The highlight was the sea cucumber, which had a nice snap to it in a delicate sauce. The oyster pancake was fine but had little of the crispness Melanie mentioned in her review. Shrimp ball appetizer was also OK, with a fairly light consistency, but seemed like it had been fried at too low a temperature to really get the surface of the balls deliciously crispy rather than greasy.

The pork stew was a borderline disaster. While all the components - sliced pork belly, pig ears, thin rectangles of tofu, hard boiled egg - were tasty and had great texture, the dish was wrecked by being far too salty, like the cook had accidentally cooked it in twice the correct amount of soy sauce. The small portion of rice served with the dish was not nearly enough to balance out the salt. I am eating the leftovers as I type this with a huge pile of rice and with a couple splashes of water added to the stew.

On top of this, the maitre d’/host was clueless about the grand opening offer that Melanie mentions in her review (“a complimentary platter of signature dishes, plus $5.00 cocktails”). After checking around once I showed him the Facebook offer on my phone, he confirmed there was an offer…great, except no complimentary platter ever showed up, and we didn’t feel like pressing the point.
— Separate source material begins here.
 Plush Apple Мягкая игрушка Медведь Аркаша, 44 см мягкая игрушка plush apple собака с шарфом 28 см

There is no cocktail list yet, so as best as I can make out you either were supposed to go to the bar yourself and order a standard cocktail like a martini or old fashioned, or give your order to your server to relay to the bar.

Teo clearly has the potential to be a very good restaurant - I could see beautifully cut veggies on dishes at other tables, and the staff did seem to care about people’s experience - but quality/price ratio, based on my experience last night, felt like a ripoff. It’s hard to stomach when a Chinese restaurant charges these kinds of prices but then cuts corners on little things like serving the $4-5 Ten Ren tea with tea bags instead of using looseleaf tea. We left glad that we had decided not to gamble $38 on one of the crab dishes.
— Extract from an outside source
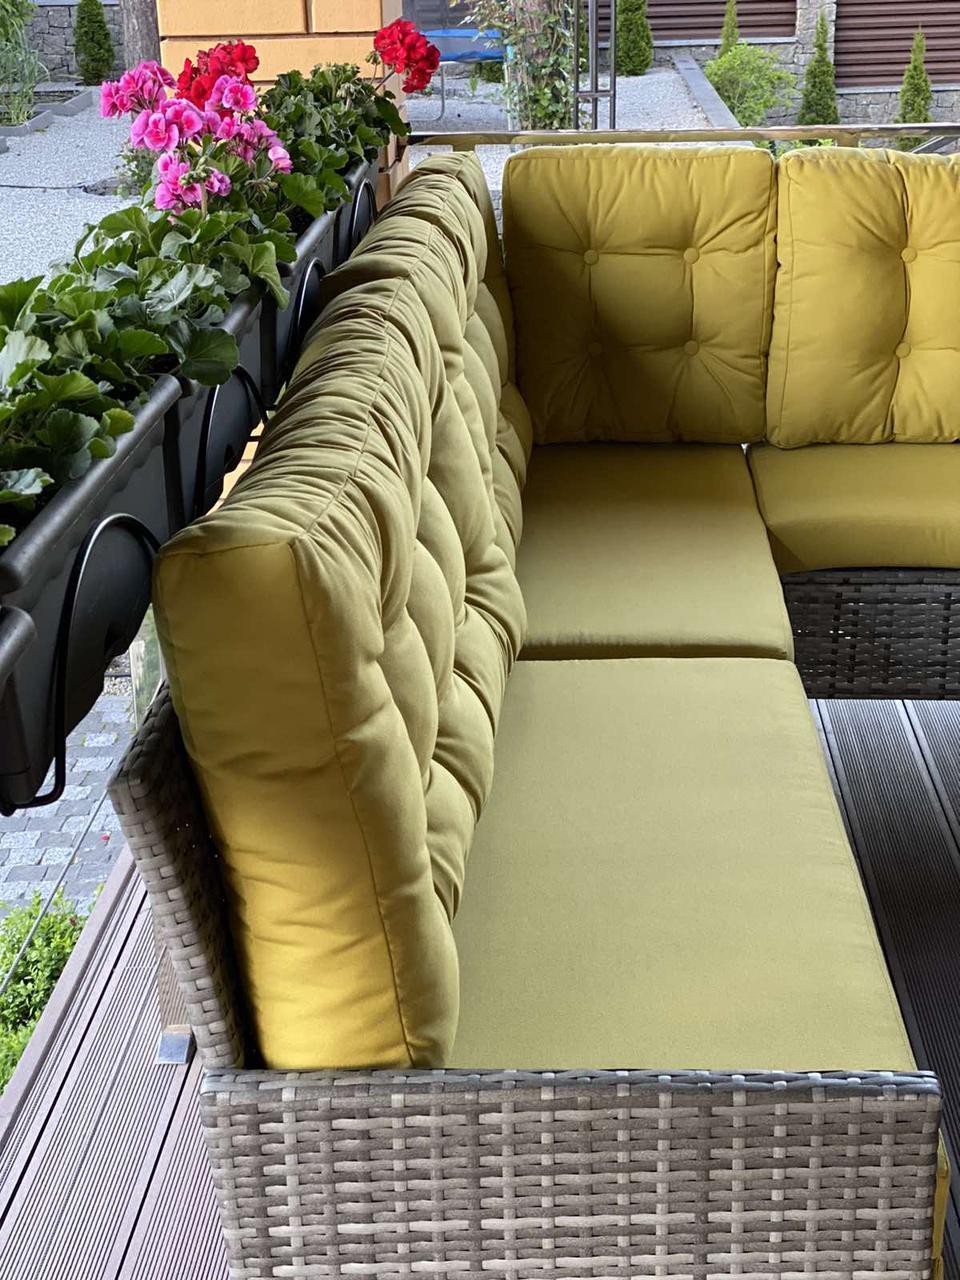 Мягкие подушки с декоративными пуговицами для дивана

We lunched on Thursday at 11:30 am, complimentary honey roasted peanuts and the comped appetizer plate of pork belly, goose, and marinated tofu from the facebook offer which expires today; double-boiled chicken and pine mushroom soup, and the Teo Chew rice noodles with seafood of shrimp and squid. Flavors are delicate and vegetables are bright and crisp. The pork belly was succulent, the goose, rich. I enjoyed the hot broth in the doubled boiled chicken soup.
No $5 cocktails offered at lunch - the bar was closed.

Has anyone tried Teo, a Chaozhou place on Mission? That cuisine is seriously unrepresented in the Bay Area.

I’m answering my own question, for my wife and I had dinner here tonight. Context: Chaozhou food is our most favorite cuisine; when we’re in China or Hong Kong it’s our go-to. That said, we enjoyed our meal very much. To wit: we ordered the goose as an appetizer and received an entree-size portion. The poaching liquid, aka master sauce, is a little unrefined still; I guess the chefs didn’t bring their own with them. Given time it will achieve a deeper flavor. Still, it was very tasty.

The oyster and egg omelet was almost perfect, the only drawback being the size of the oysters. In China we are served tiny oysters, literally bite-size. These may be unavailable here. Otherwise the dish was as good as we get in Hong Kong. We also ordered stir-fried spinach, which was assertively flavored with garlic, a plus for us.

An unexpected plus for me was the full bar, from which I was served two very good martinis. I have a hard time thinking of good Chinese restaurants around here which offer full bar service, but then I don’t usually look for one.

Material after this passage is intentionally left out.